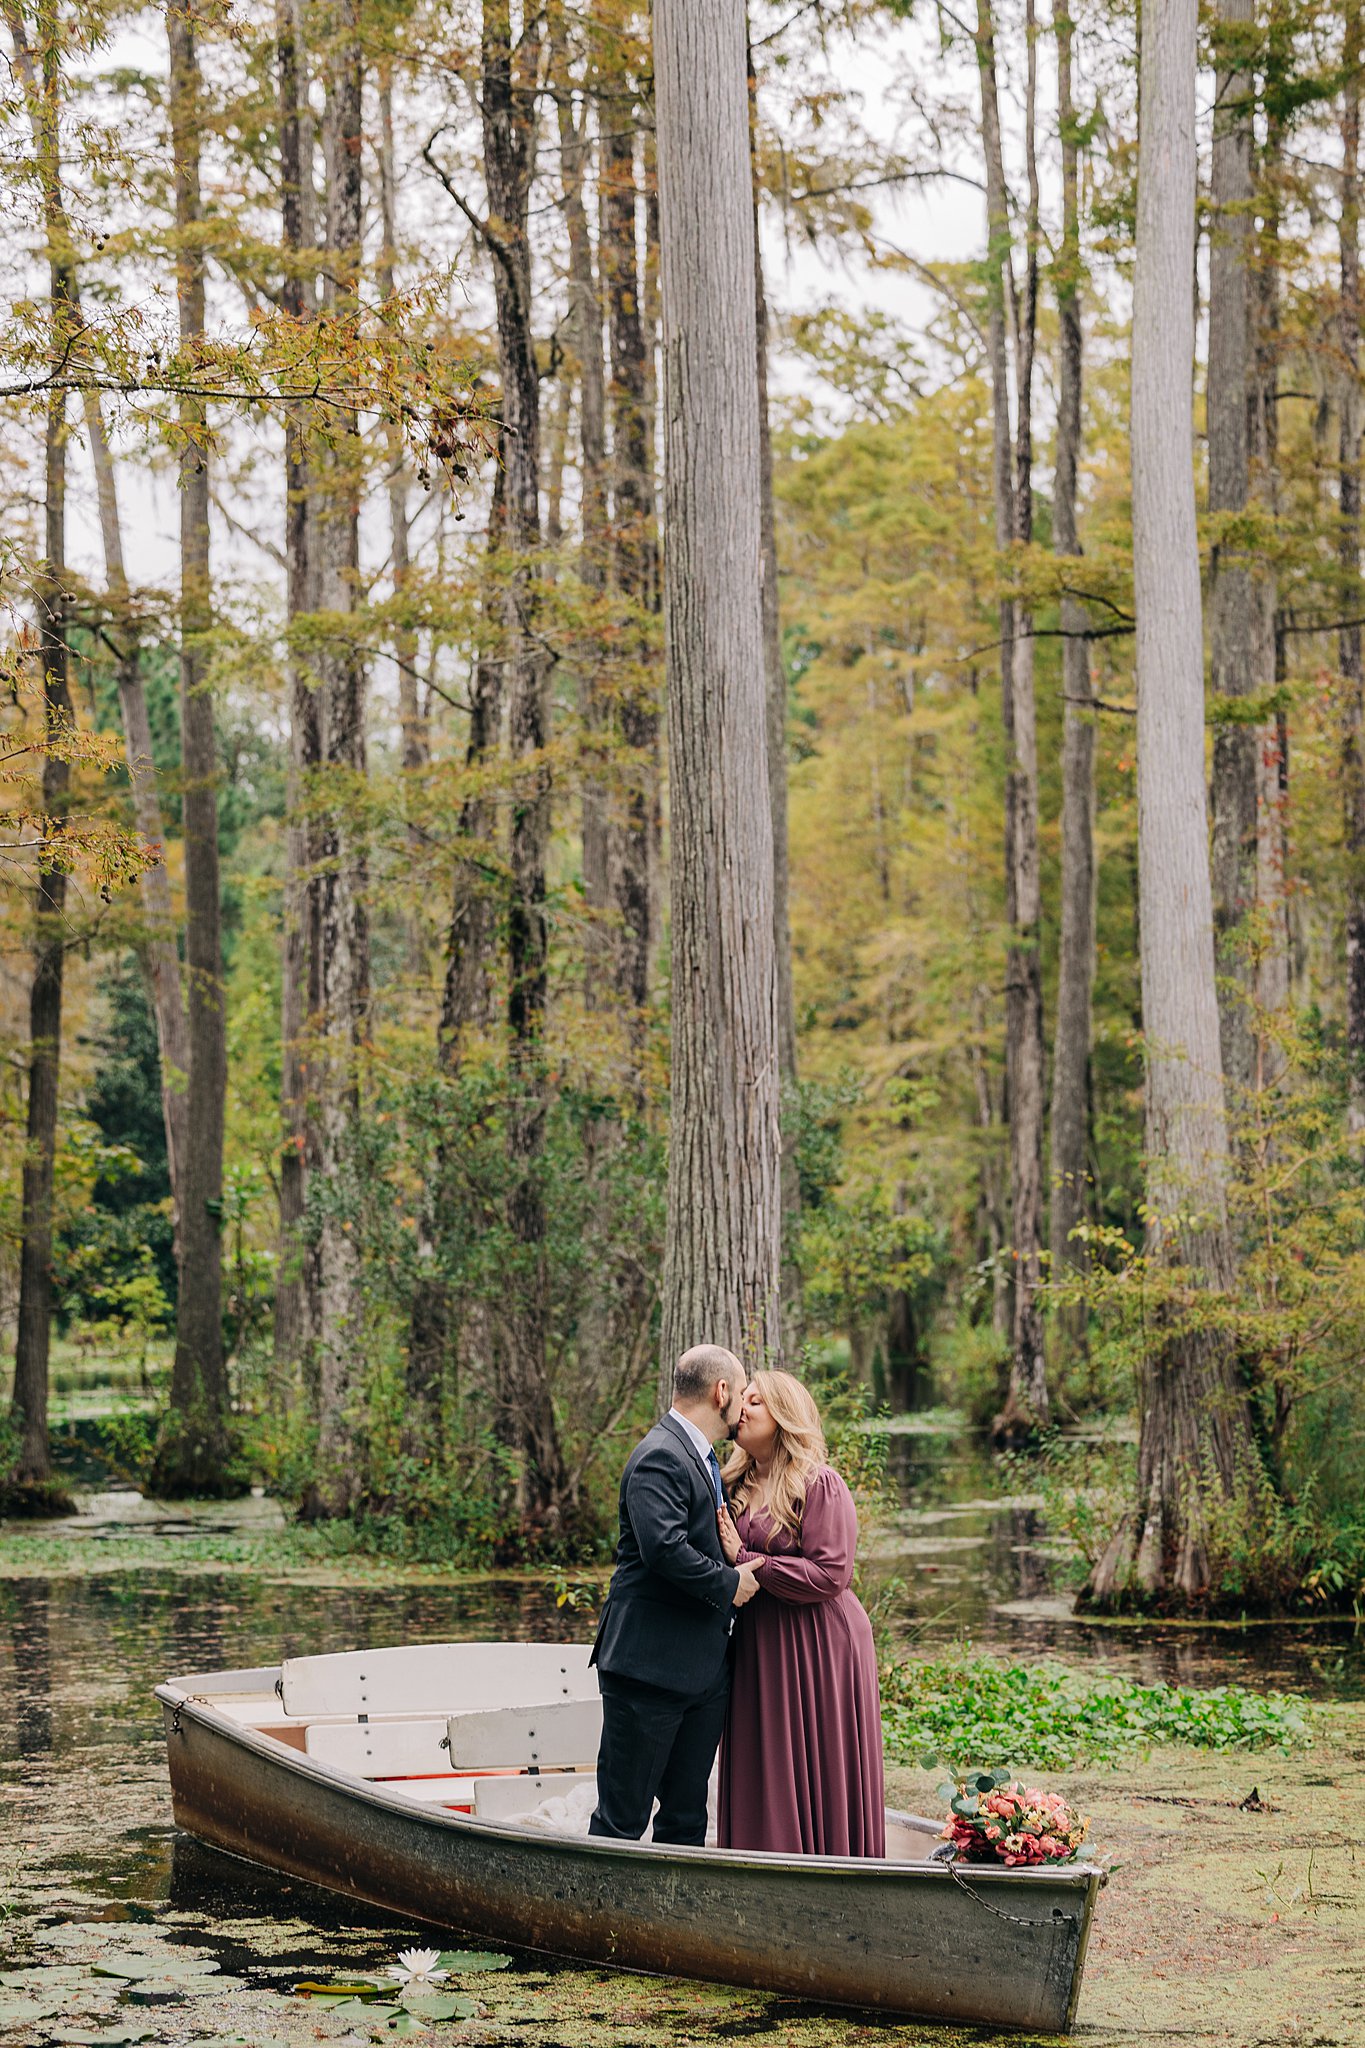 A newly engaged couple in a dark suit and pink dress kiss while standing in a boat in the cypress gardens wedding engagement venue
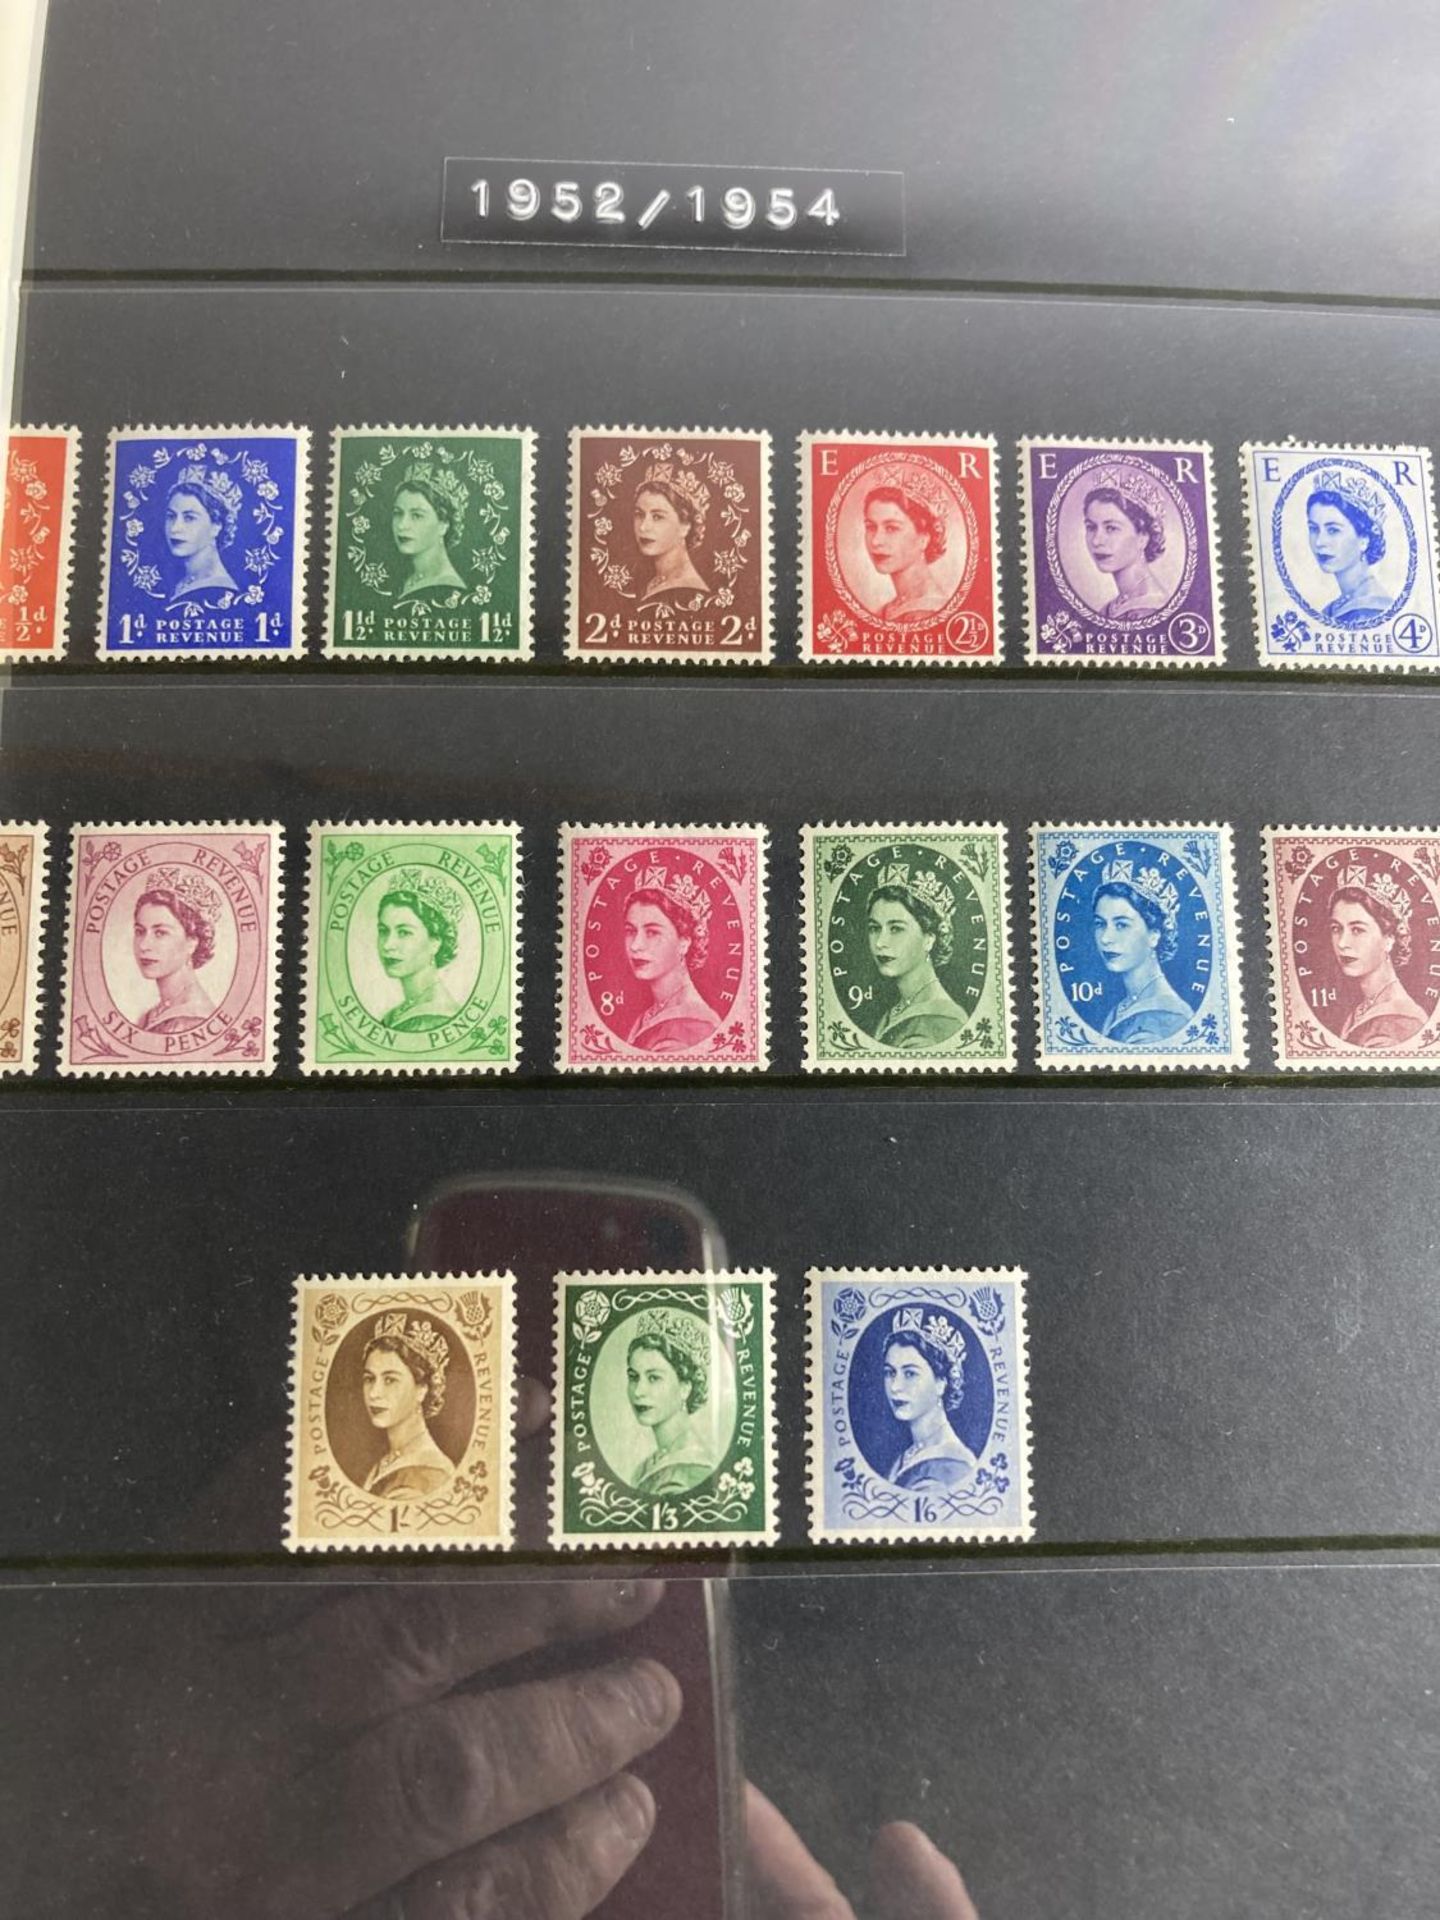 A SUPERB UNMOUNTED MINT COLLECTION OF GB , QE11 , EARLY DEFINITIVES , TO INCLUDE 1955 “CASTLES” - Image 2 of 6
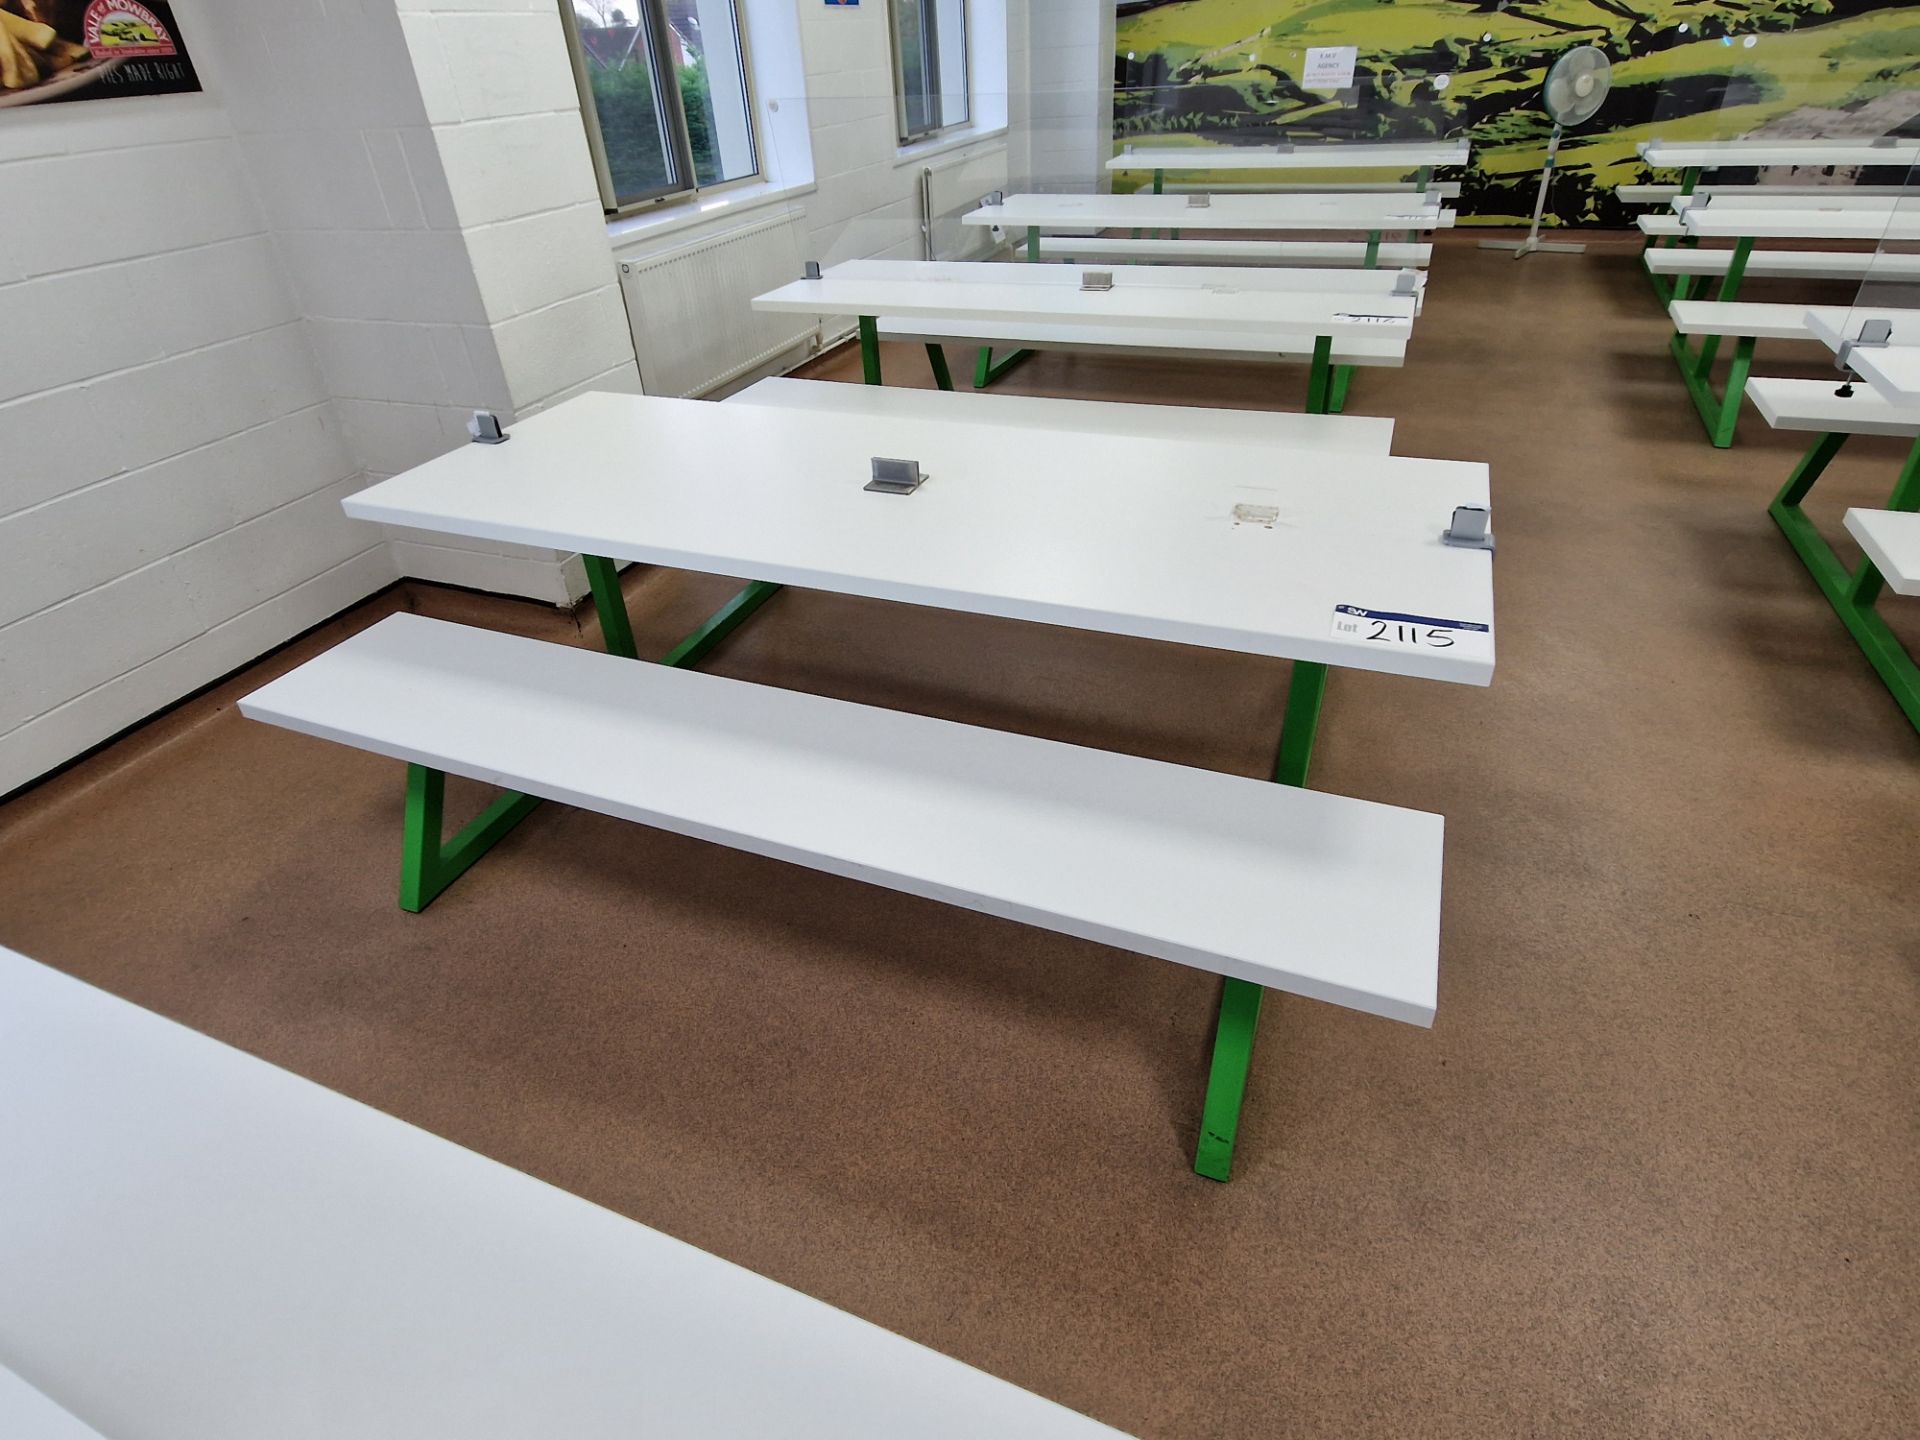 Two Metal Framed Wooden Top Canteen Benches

===============

(What the task requires): Reproduce only the lines from the beginning of the data through the line that contains "A SUPERB UNMOUNTED", both included, and please drop the pictures.

(Result for this exercise):
 A newly engaged couple in a dark suit and pink dress kiss while standing in a boat in the cypress gardens wedding engagement venue
 A SUPERB UNMOUNTED MINT COLLECTION OF GB , QE11 , EARLY DEFINITIVES , TO INCLUDE 1955 “CASTLES” - Image 2 of 6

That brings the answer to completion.